## DATA UNDER STUDY:
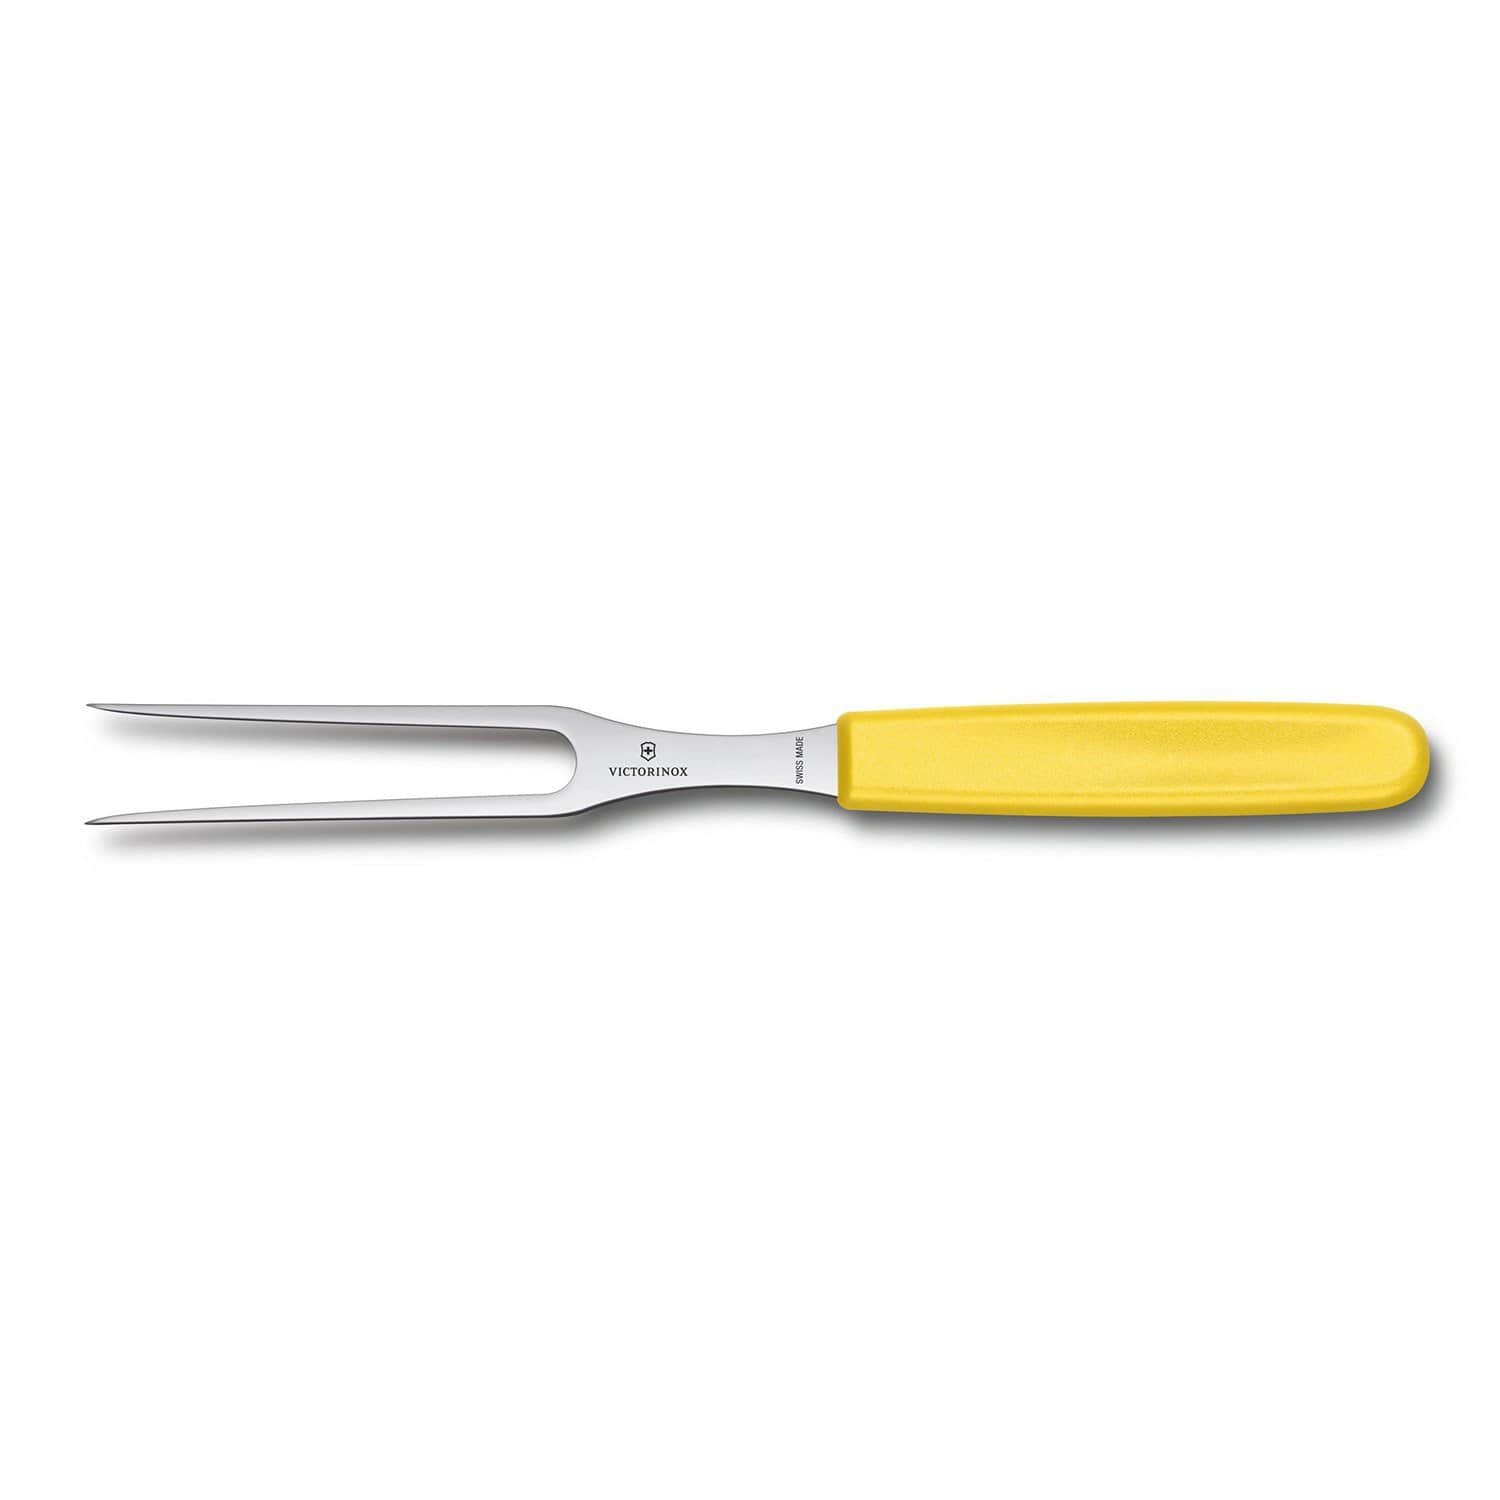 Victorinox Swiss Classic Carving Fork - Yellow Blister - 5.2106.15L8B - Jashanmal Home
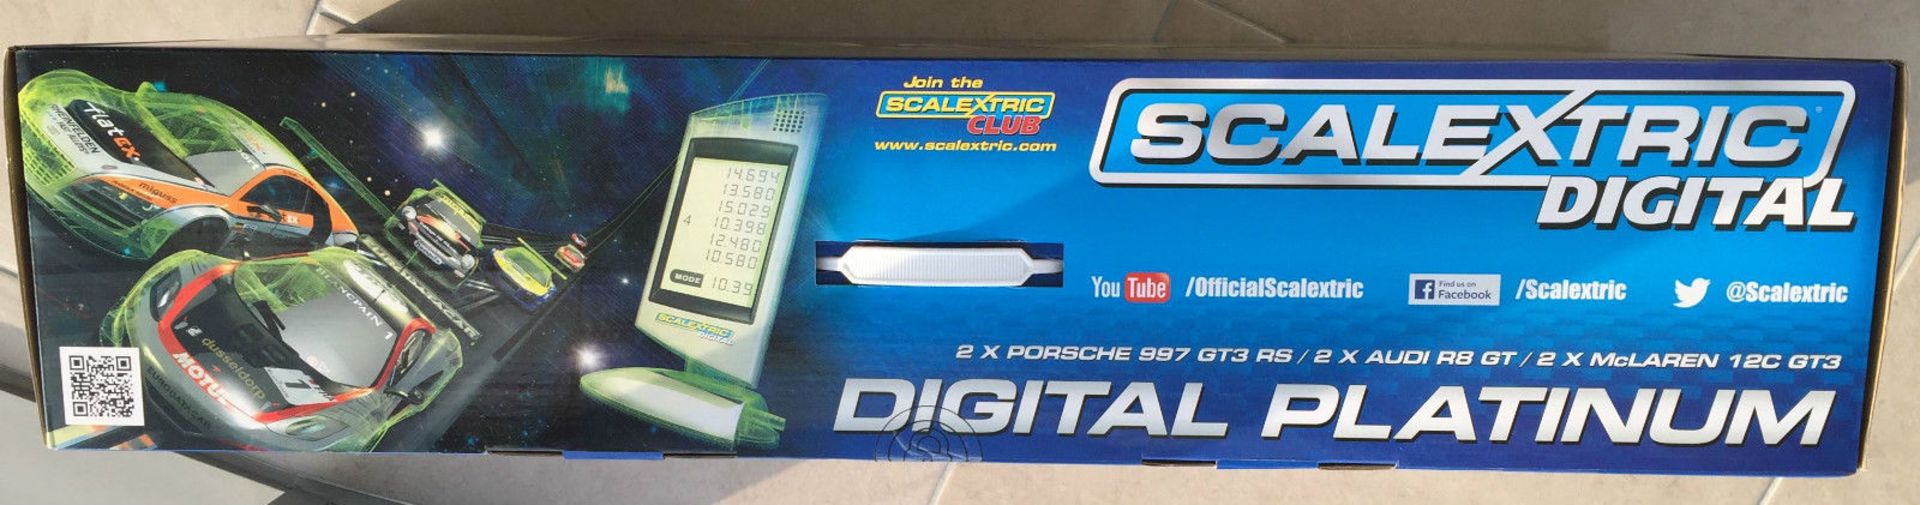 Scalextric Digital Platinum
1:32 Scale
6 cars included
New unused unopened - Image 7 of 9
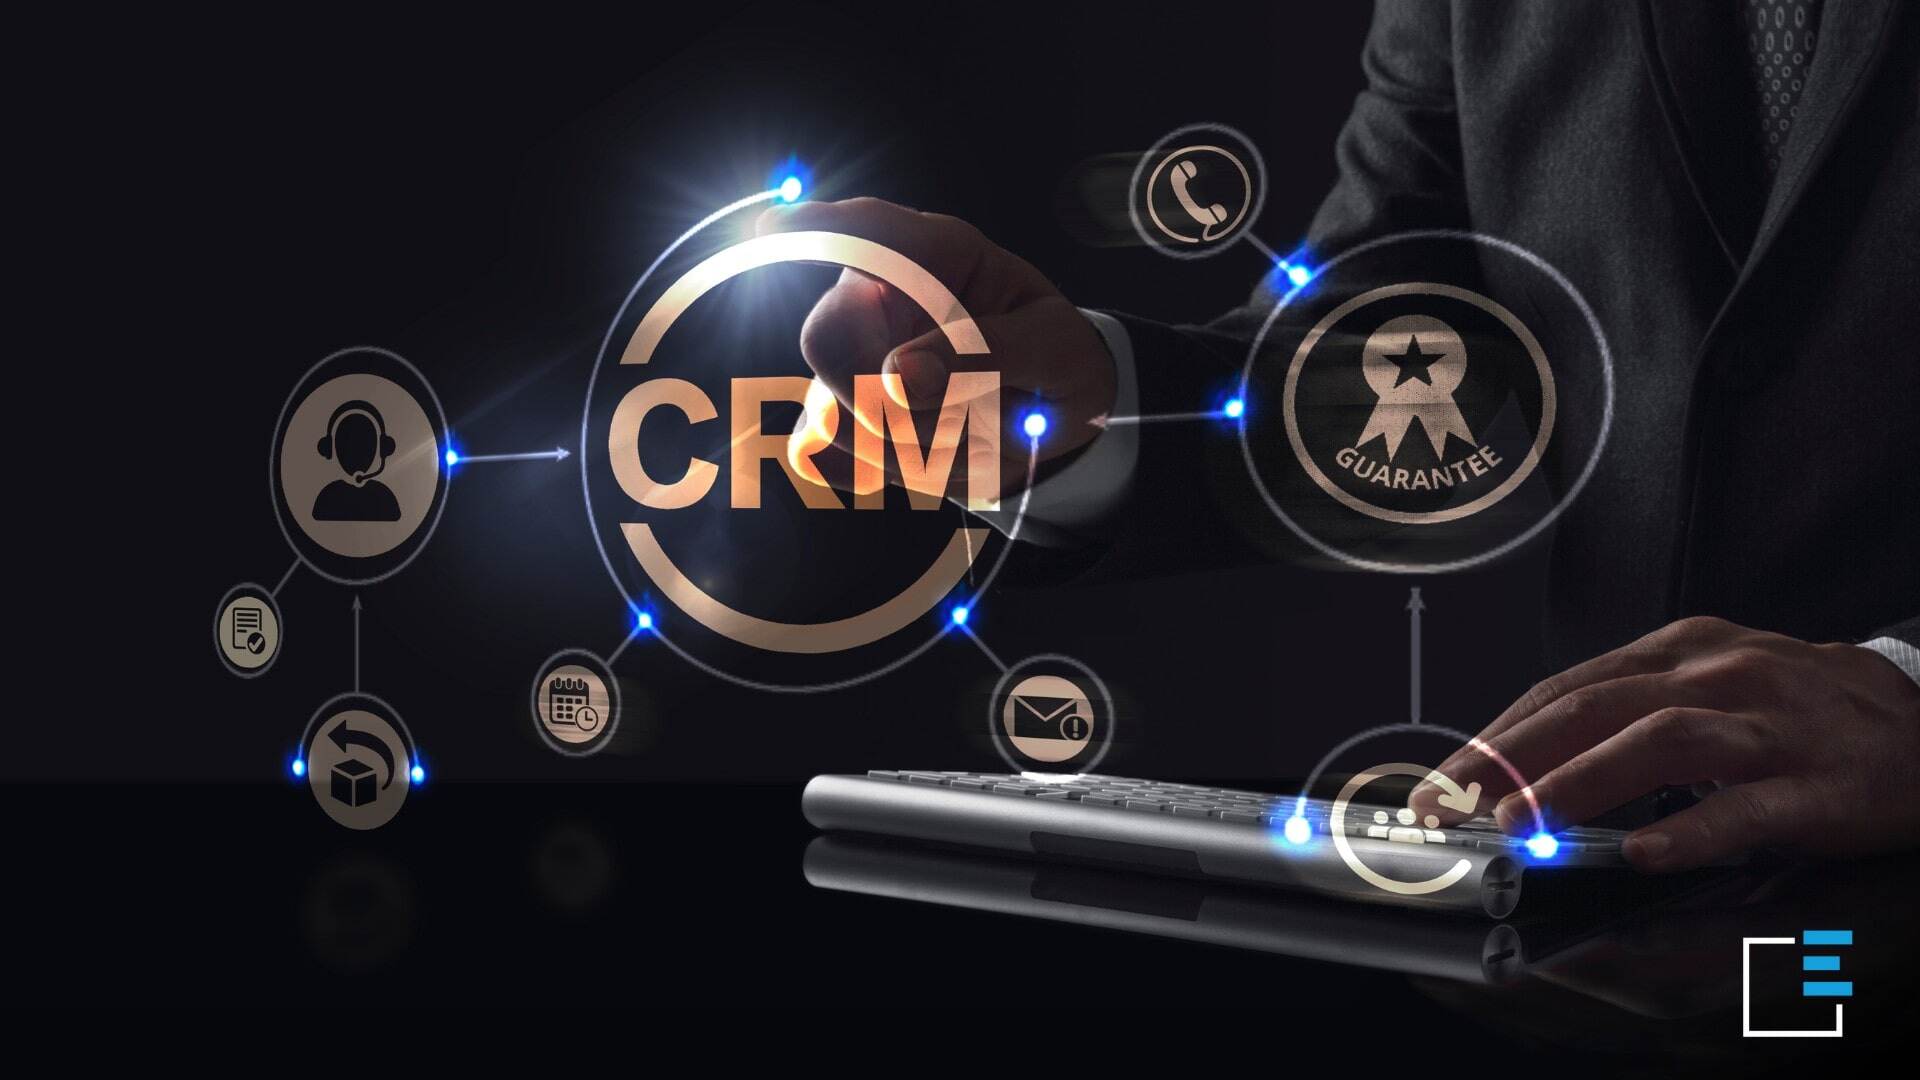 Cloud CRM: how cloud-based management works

## EXERCISE REQUIREMENTS:
All of the records must come back exactly as they stand, minus every picture.

## ANSWER AREA:
 Victorinox Swiss Classic Carving Fork - Yellow Blister - 5.2106.15L8B - Jashanmal Home
 Scalextric Digital Platinum
1:32 Scale
6 cars included
New unused unopened - Image 7 of 9
 Cloud CRM: how cloud-based management works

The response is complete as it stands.